§ INPUT DATA
· · · · · · ·

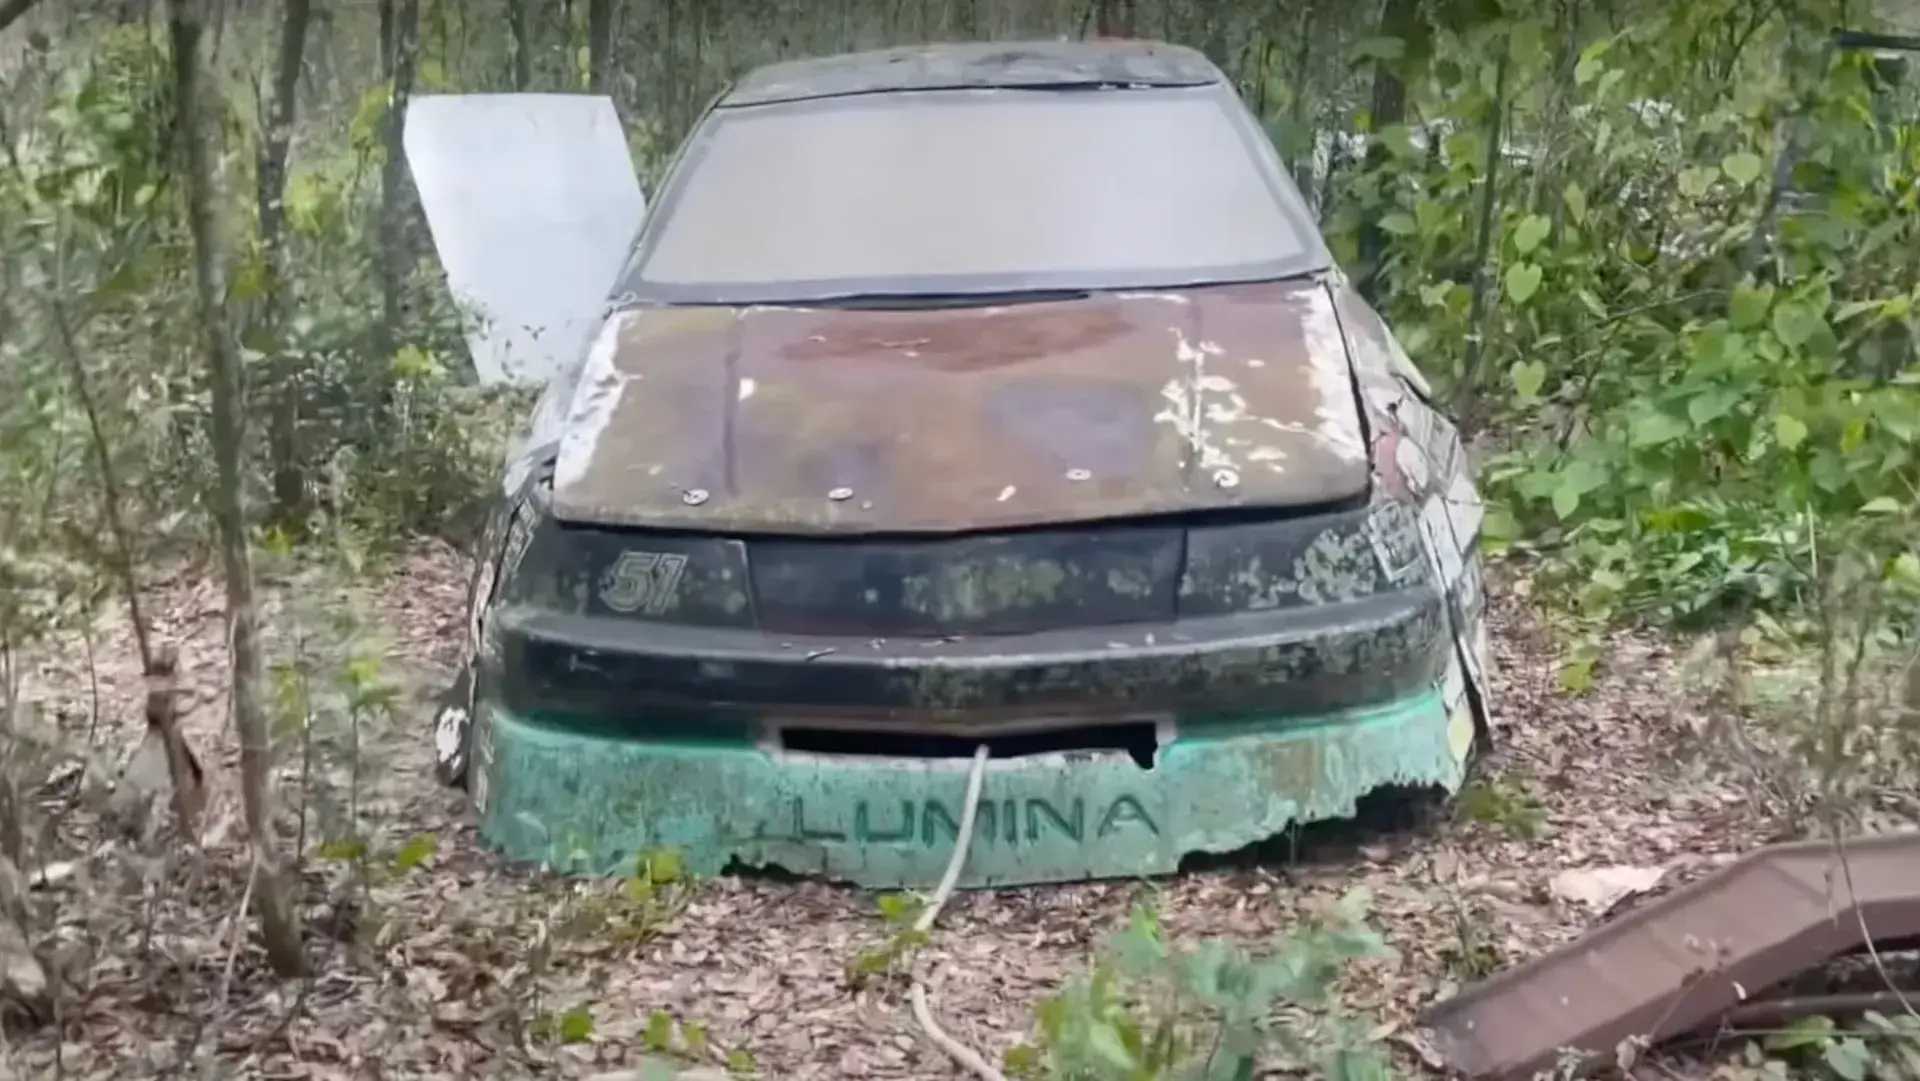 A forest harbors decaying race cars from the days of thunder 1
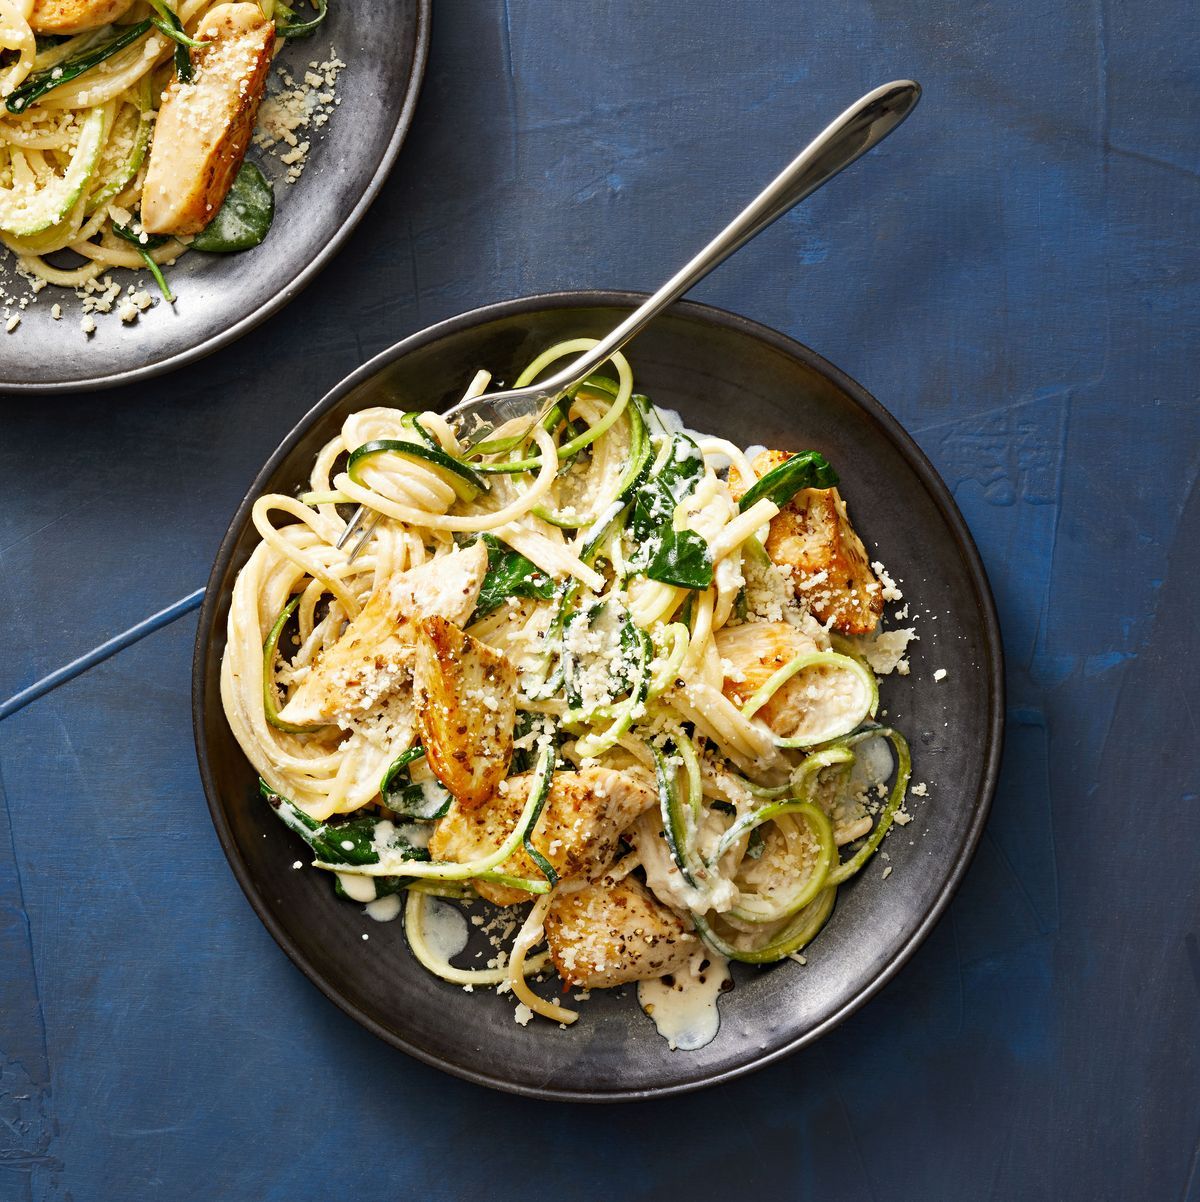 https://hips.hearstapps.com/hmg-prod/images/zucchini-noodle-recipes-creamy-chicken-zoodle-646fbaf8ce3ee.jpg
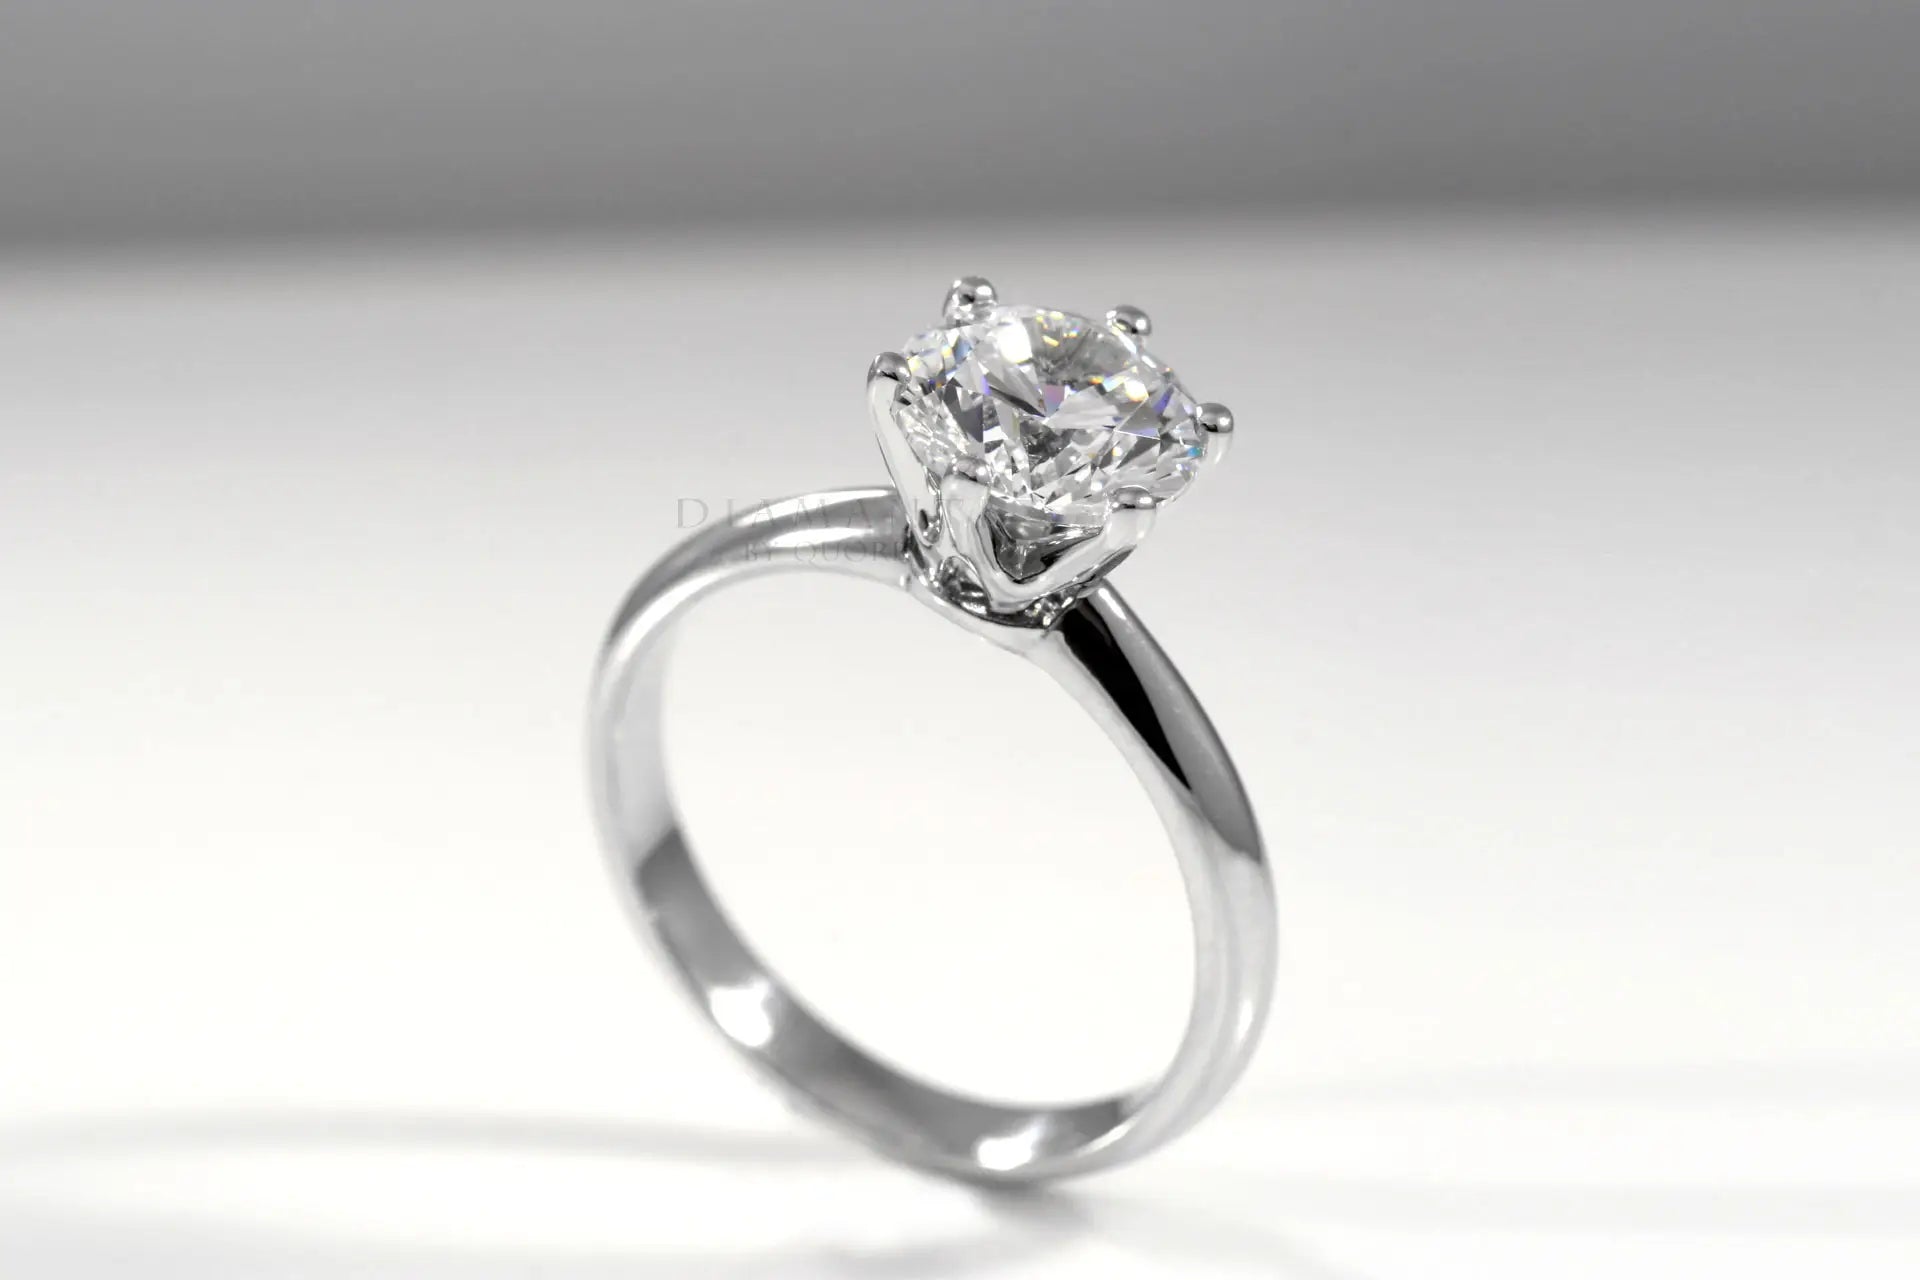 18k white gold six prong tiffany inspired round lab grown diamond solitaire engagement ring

· · · · · · ·

§ WORK REQUEST
For each line above, output its wording exactly and leave out any picture.

§ THE ANSWER
 A forest harbors decaying race cars from the days of thunder 1
 https://hips.hearstapps.com/hmg-prod/images/zucchini-noodle-recipes-creamy-chicken-zoodle-646fbaf8ce3ee.jpg
 18k white gold six prong tiffany inspired round lab grown diamond solitaire engagement ring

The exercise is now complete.